Your Questions

Round 42


Q: Hi Eric, I attended your seminar at VE this summer and bought your book. I have a question about training cycle. What are the some schedules for sport-specific (SS) training if I plan to climb on the weekend? – Steven (MN)

A: Hi Steven, I propose two different schedules for SS training for weekend climbers: Tues/Wed and Tues/Thurs. In using the Tue/Wed routine, the key is NOT to climb to exhaustion on Tuesday–focus on hard bouldering, power and improving technique; then on Wednesday you can focus more on endurance or redpointing. The nice thing about Tues/Wed is that it teaches you to climb hard two days in a row, as most weekend climbers aspire to do. But in a pure training schedule, Tues/Thur is a better schedule, since you can train maximally both days given a rest day in between.

Q: Hi Eric: I have been using your HIT strips for a little while now and have been seeing some good strength gains from them, both in terms of how I feel on the rock and in terms of the amount of weight I’m using on the HIT strips. In my most recent workout, I could do about 16 movements on the large holds with a 38-lb vest, and the crimps also about 16 movements, with 20 lbs. My question is that even though I’m adding a fair amount of weight on the bigger holds, I’m still unable to do more than a move or two on the pockets (with no weight) and can’t do anything with the pinches. Do I just keep jacking up the weight on the bigger holds until this changes? – David (MA)

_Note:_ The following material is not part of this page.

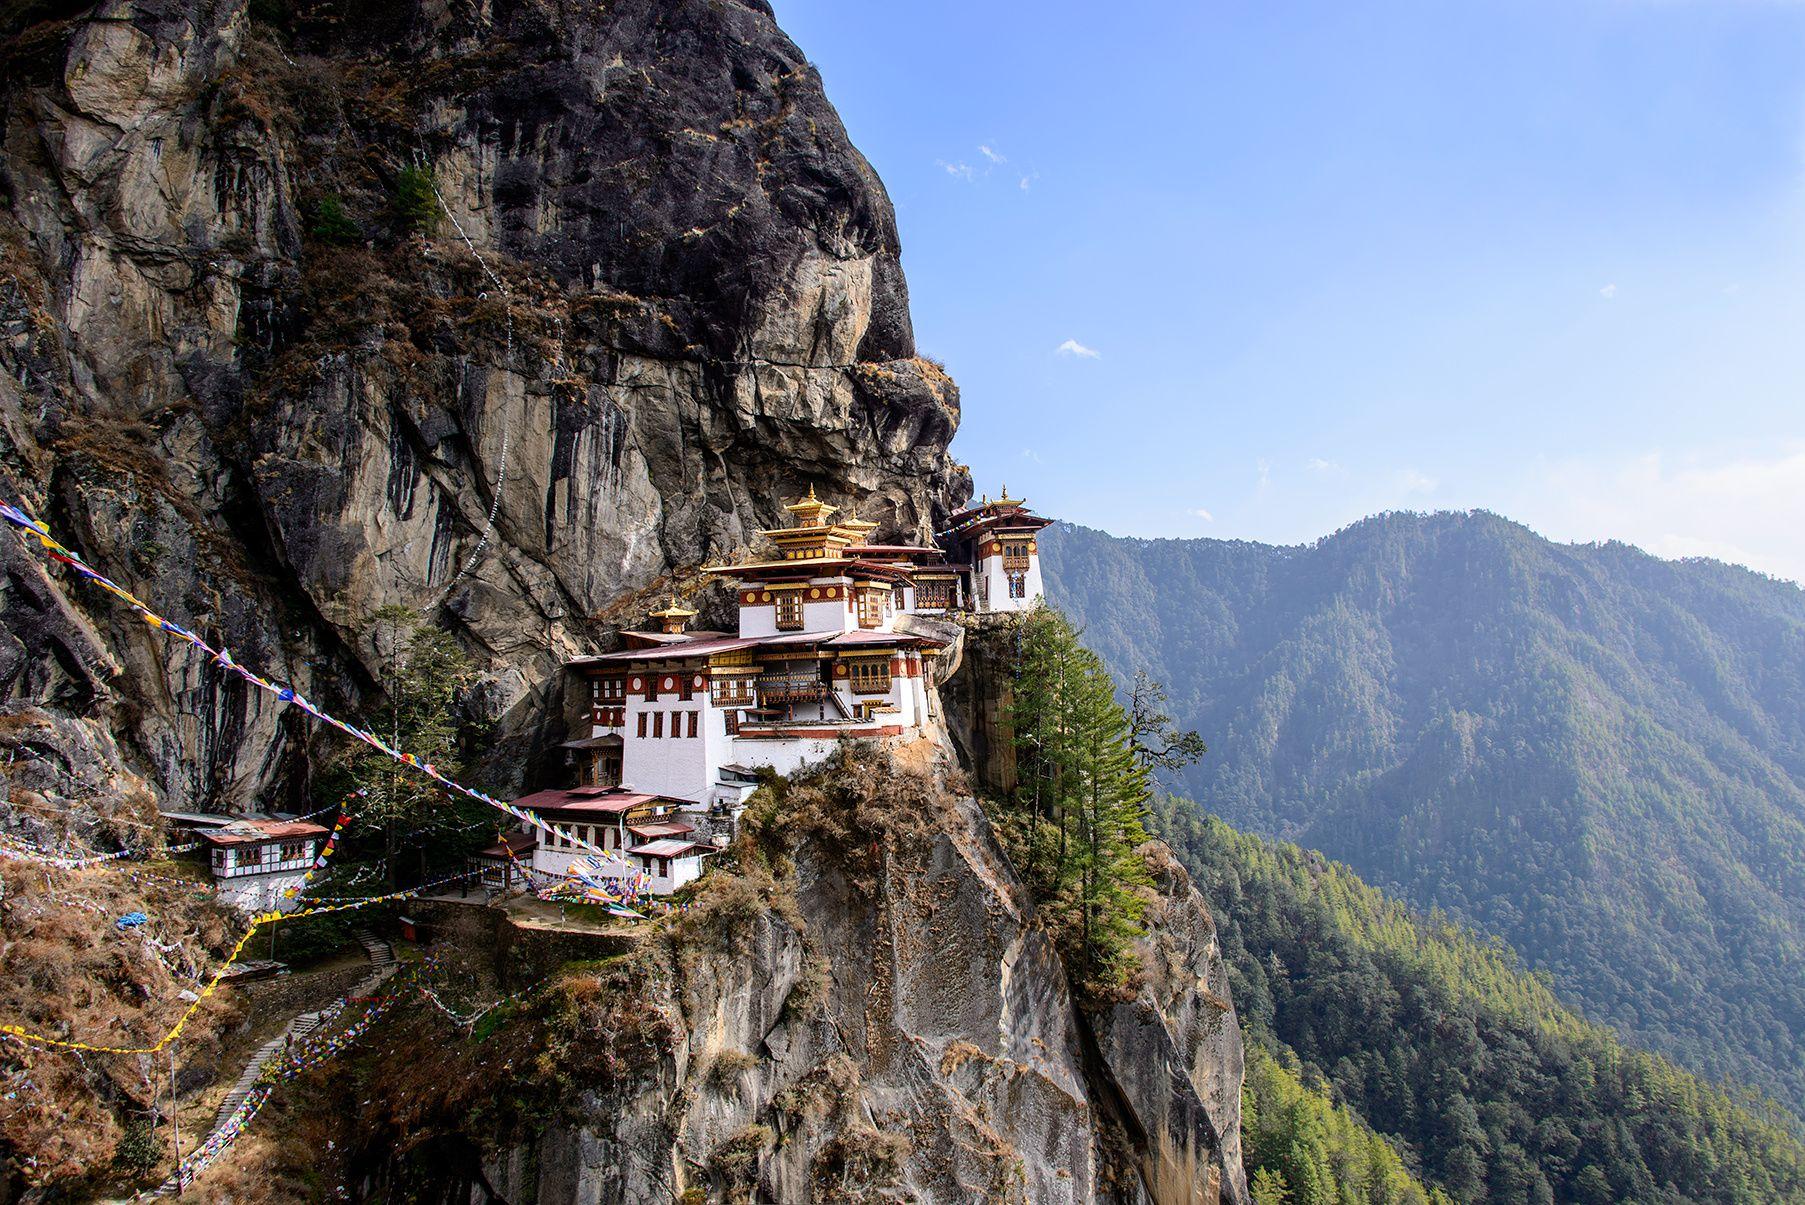 到此一游|藏在不丹河谷的五处秘境,探索古老寺庙和村庄图片

A: Hi David, The pocket and pinch grips are very specific, but if you keep working them neural learning that will soon kick-in and enable you to build to 10 to 15 hand movements. The best approach is to have a spotter press (upward) on your back to reduce weight so that you can go up and down once (at less than body weight). Do two sets this way, but be aware (careful) that you don’t strain your tendons (do consider taping your fingers). Also, be sure you are turning your hips and placing your feet on decent foot holds, since this is good technique and will enable smoother movement.

Q: I’ve been climbing three years, but I’m having problems moving beyond 5.12. What can I do to improve further? – Leonard (Brazil)

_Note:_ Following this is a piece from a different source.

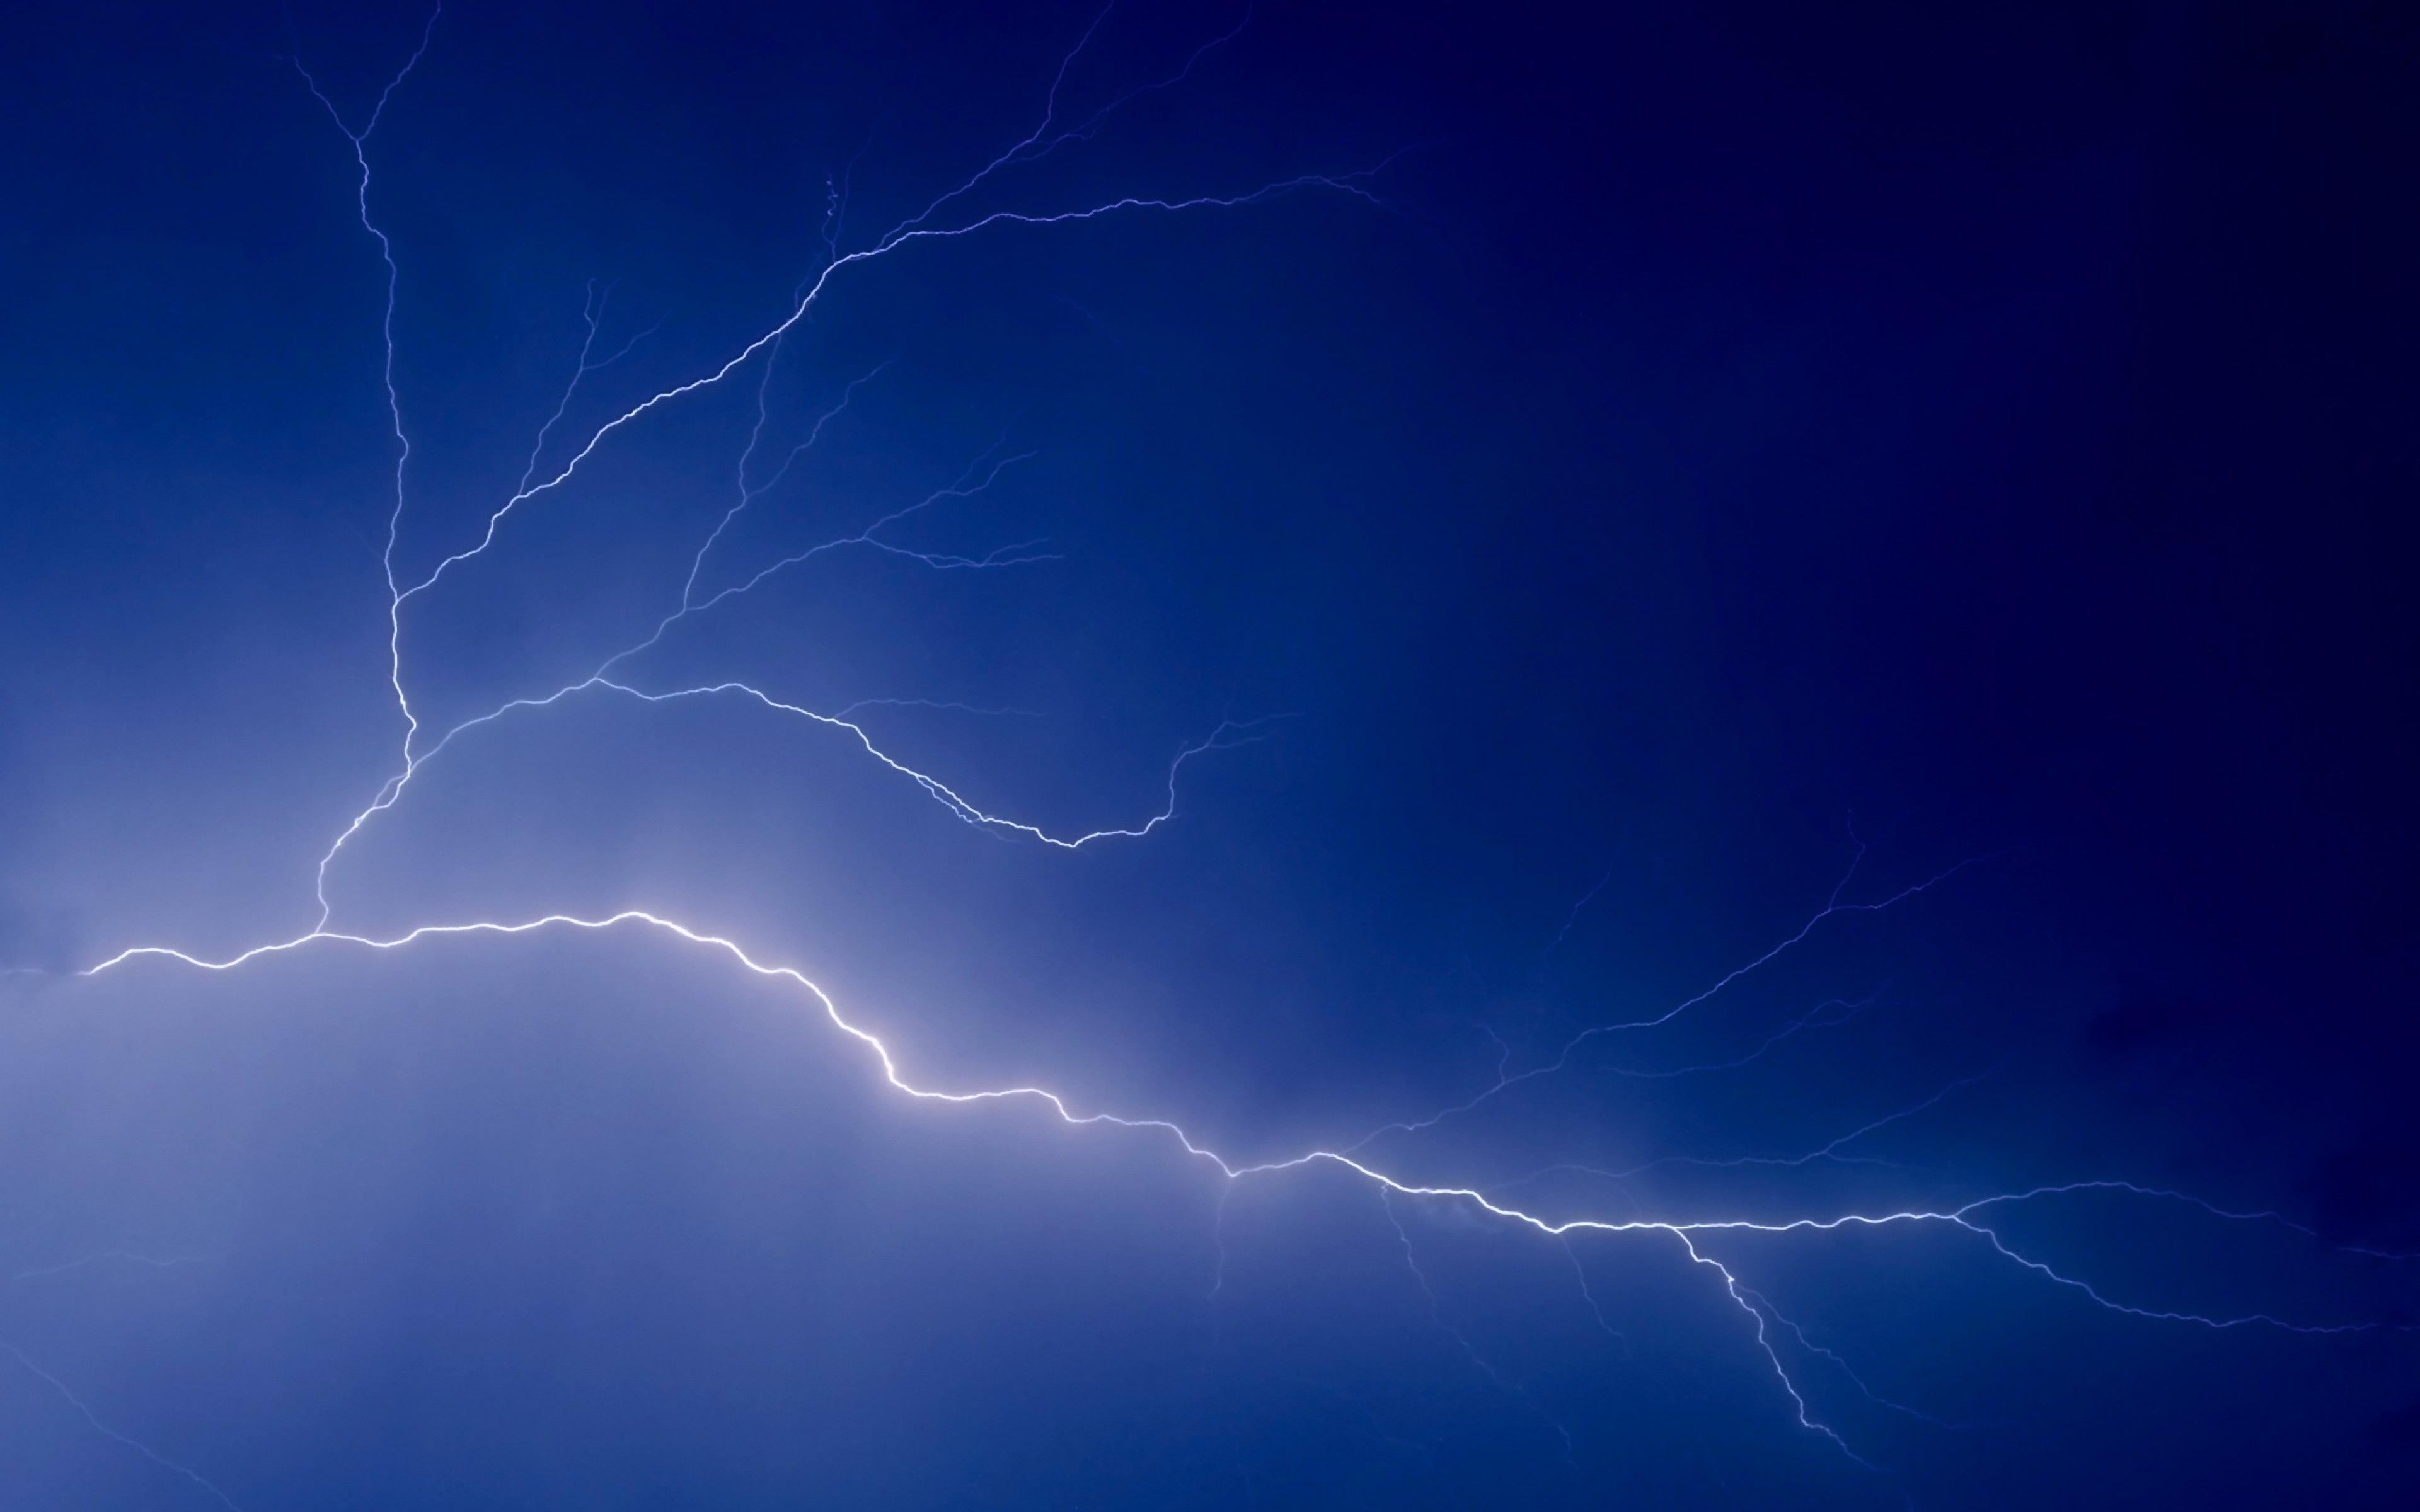 Lightning Full HD

A: Hello Leonard, Achieving 5.12 in 3 years is very good. Still, you can certainly climb much harder, but it will take a focused effort to improve technically and mentally, not just physically. Force yourself onto new types of routes and problems that are not your strong area (technique-wise). This will help elevate your skills and your ability.

Q: I recently bought your book Training for Climbing, and I think it’s an excellent. Thank you! I’m trying to make myself a good training program that I can do at home using “pump rocks” or a fingerboard, since I can go climbing only about once a week. I would like to adopt the 3-2-1 strategy but when it comes to choosing appropriate drills, I have trouble distinguishing between strength/power exercises and A-E exercises. How do I adjust exercises, say on the pump rocks or fingerboard, to train strength or endurance? – Caj (Finland)

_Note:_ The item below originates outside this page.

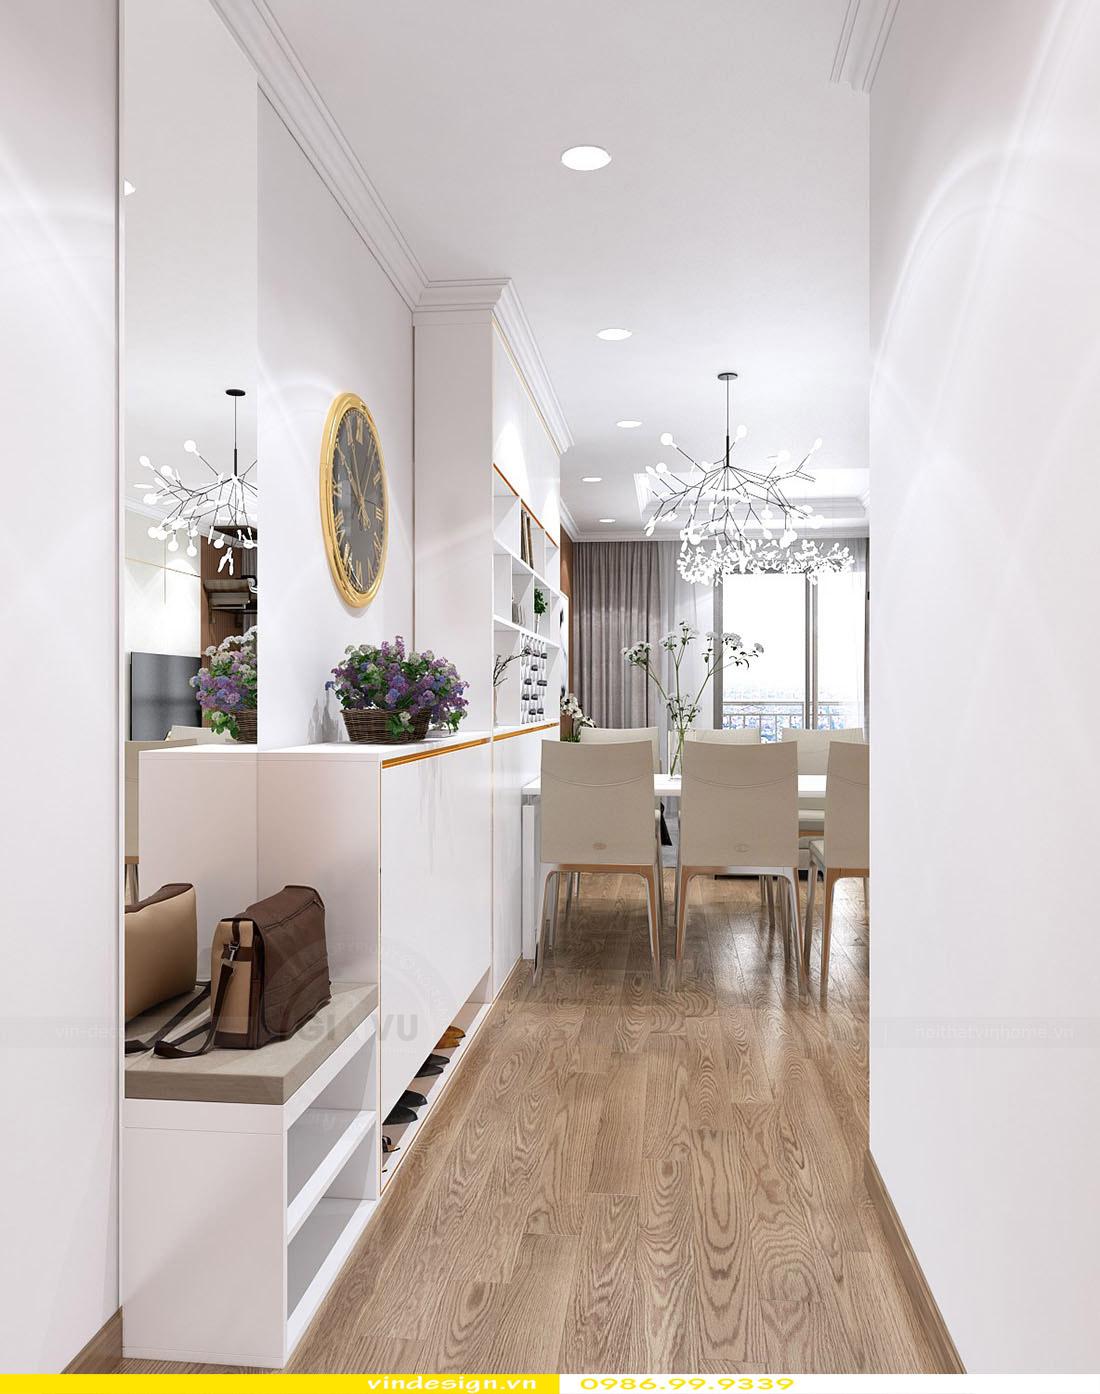 Thiết kế nội thất căn hộ Vinhomes Green Bay - Call 0986999339 view 5

A: Hi Caj, Here is the key concept: If an exercise is brief and maximal, then it trains max strength and power; however, if the intensity is only moderate and the exercise duration longer then it trains anaerobic endurance (AE). So, a set of 25 pull-ups or a minute of Frenchies will train AE, whereas an 8-rep set of hypergravity pull-ups (with say 40 pounds around your waste) or lunging powerfully on a campus board will train max strength and power. Thus, you can adjust the weight/intensity of most exercises to scale an exercise from strength to AE.

Q: Hello, I was wondering what will give better training progression – Doing a little bit of everything per session, or having a separate day for each type of training (bouldering, campusing, intervals, etc) – Alon (Australia)

A: Hi Alon, Group similar (physiological) activities/exercises for a given session. For example, do bouldering and campus training on the same workout; then do redpoint, endurance exercises and such on a different workout. Actually it’s best to cycle back and forth from max strength/power workouts to endurance climbing workouts every couple of weeks. Varying your workouts and keeping them progressive is key.

Q: What things can I do to improve my mental game for hard climbing and competitions? –Zorbey (Istanbul)

A: Hi Zorbey, Yes, mental training is very important. I have recently recorded 6 podcasts on mental training that will be very helpful. Here’s a link to listen to them on your computer: http://www.podclimber.com/index.php?m=1&c=11&p=363&page=1

Listen to Training podcasts #11 – #16, to hear on six different mental topics. Also, I suggest you get a copy of Arno Ilgner’s Rock Warrior’s Way, an excellent book on the subject.